I told myself that one day I'd be free

I aspired to achieve freedom in the future.

Of everything, you had me believe

You made me believe in things that turned out to be untrue.

Of self-doubt, and longing to be, another me

Struggling with self-doubt and a desire to be someone else.

I'll be ok, I'll be okay

Expressing confidence that everything will be okay.

You promised you'd care for me

You promised to take care of me.

A life spent wondering what I could be

Reflecting on a life spent wondering about unrealized potential.

What I could

Questioning what could have been.

I hear your voice in the back of my head

Hearing your influence lingering in my thoughts.

Screaming out, you'll never be enough

Your voice emphasizes that I'll never measure up.

Of all the words playing on repeat

Words, possibly hurtful, repeating in the mind.

They had to be the nightmare of my past

Those words are the haunting remnants of a painful past.

It's taken years for me to get this far

It took years to overcome and reach this point.

For me to say, I forgive everything

Finally reaching a state of forgiveness.

Still I don't understand you

Despite forgiveness, not comprehending your actions.

What makes you think

Questioning the rationale behind your behavior.

You could choke a child

An accusation of an extreme and harmful action.

It's taken years for me to get this far

Reiterating the journey of overcoming challenges.

My resolve is withering

Expressing a weakening of determination.

I chose to forgive you once

Choosing forgiveness once before.

I might not do it again

Uncertainty about forgiving again in the future.

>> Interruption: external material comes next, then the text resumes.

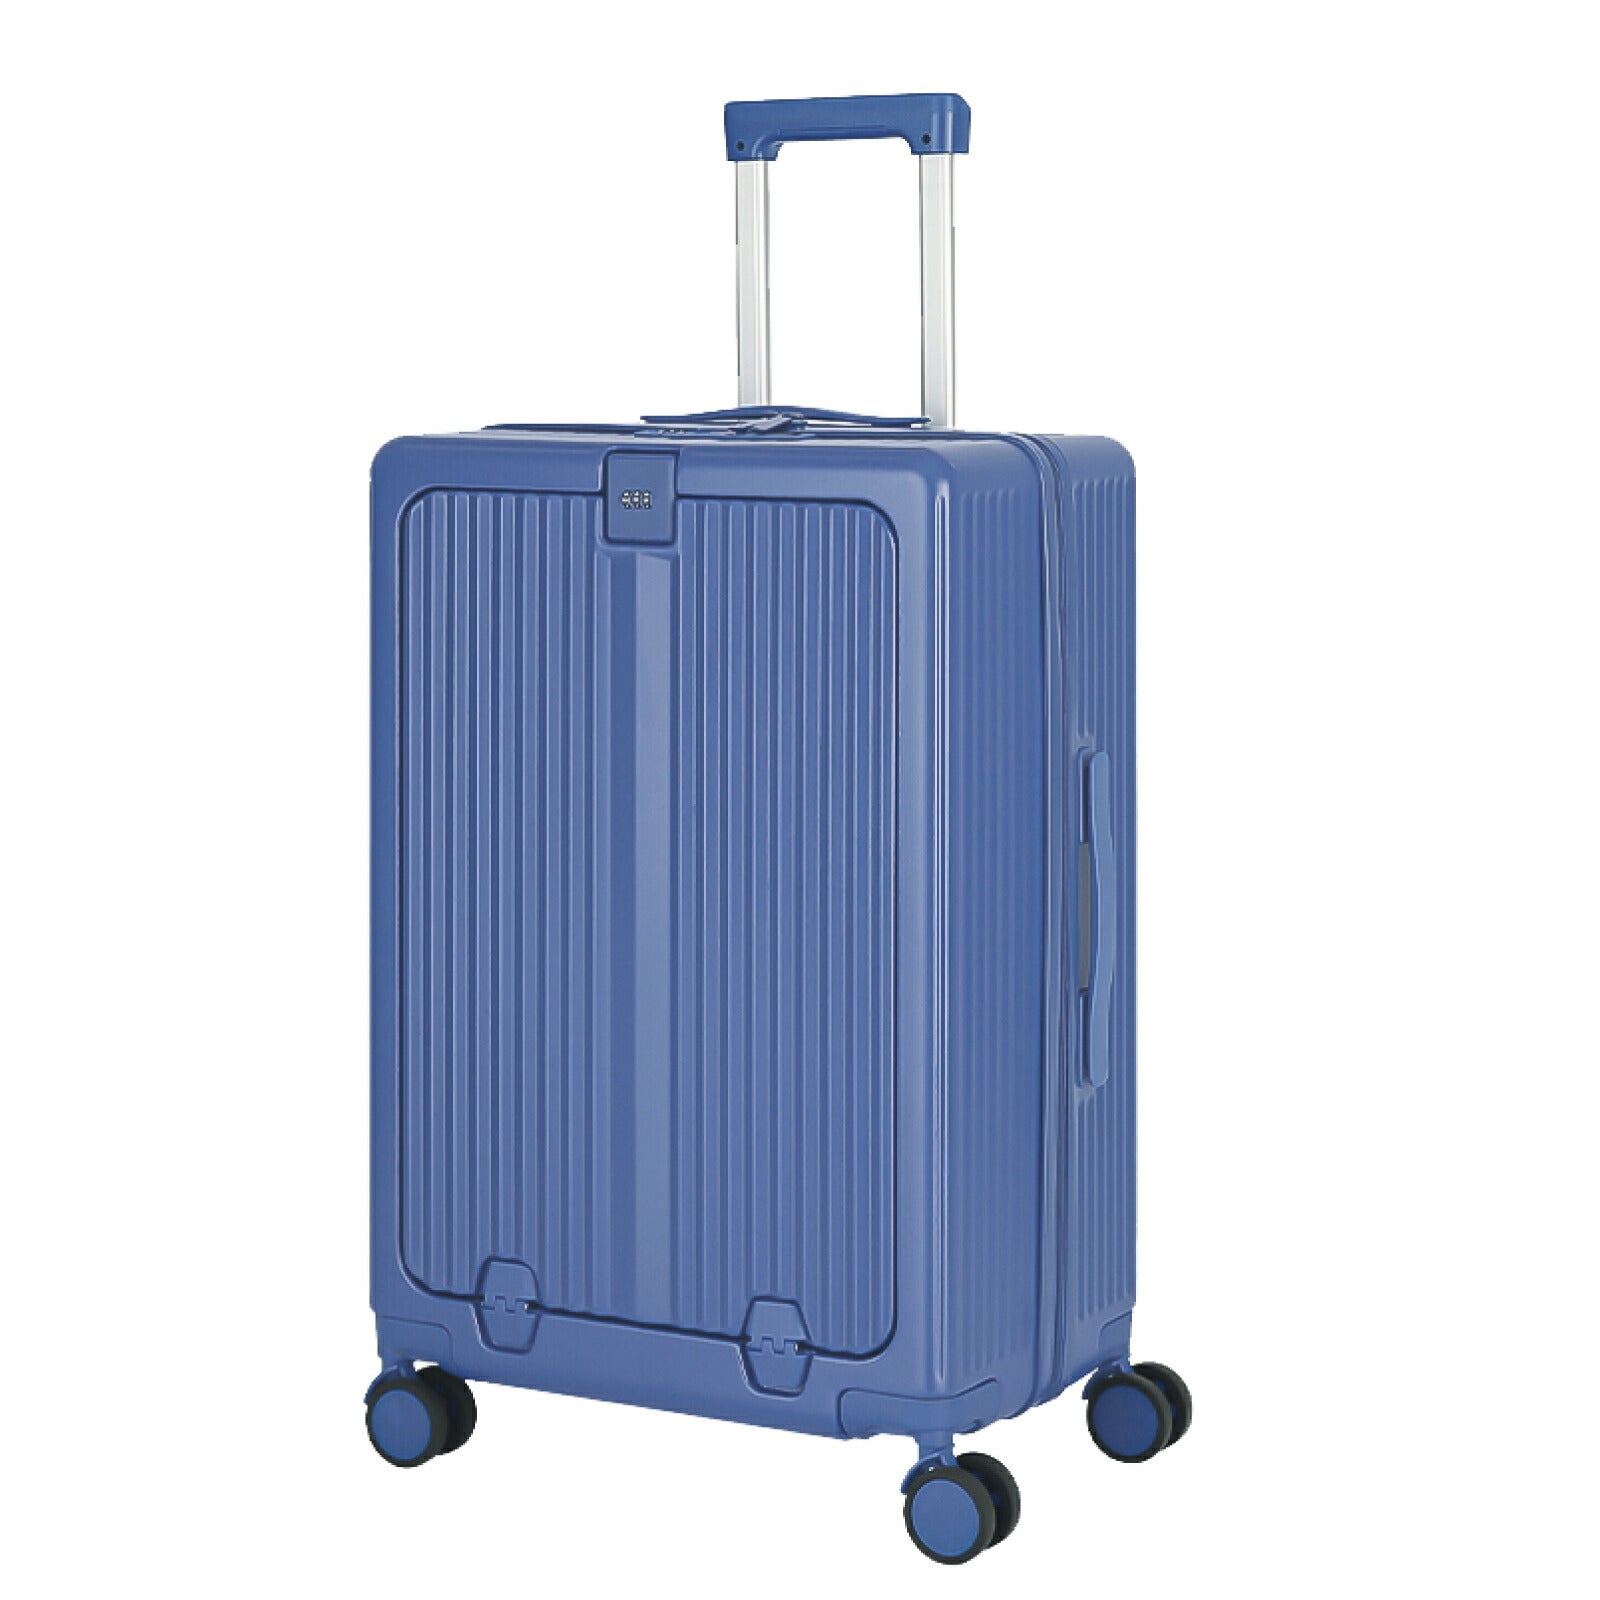 機内持ち込み スーツケース フレームタイプ フロントオープン USBポート付き キャリーケース Sサイズ 45L 8カラー選 1-3日用 泊まる カップホルダー付き 軽量 大容量 多収納ポケット 修学旅行 海外旅行 sc301-20

I hear your voice in the back of my head

Revisiting the haunting influence of your voice.

Screaming out, you'll never be enough

The persisting belief that I'll never be enough.

Of all the words playing on repeat

Repetition of hurtful words in the mind.

They had to be the nightmare of my past

Those words continue to be a nightmare from the past.

I dream of the day

Dreaming of a future where I am liberated.

That I'll be set free

Yearning for the day when self-doubt is overcome.

Of self doubt and longing to be someone else

The desire to be someone else is fading away.

They wither away

Hopes and aspirations are diminishing.

At all I can be

Lamenting the loss of potential due to anxiety.

I've lost my potential to anxiety

Acknowledging a state of diminished capability.

I'd rather dig my own grave

Preferably choosing self-destruction over continued suffering.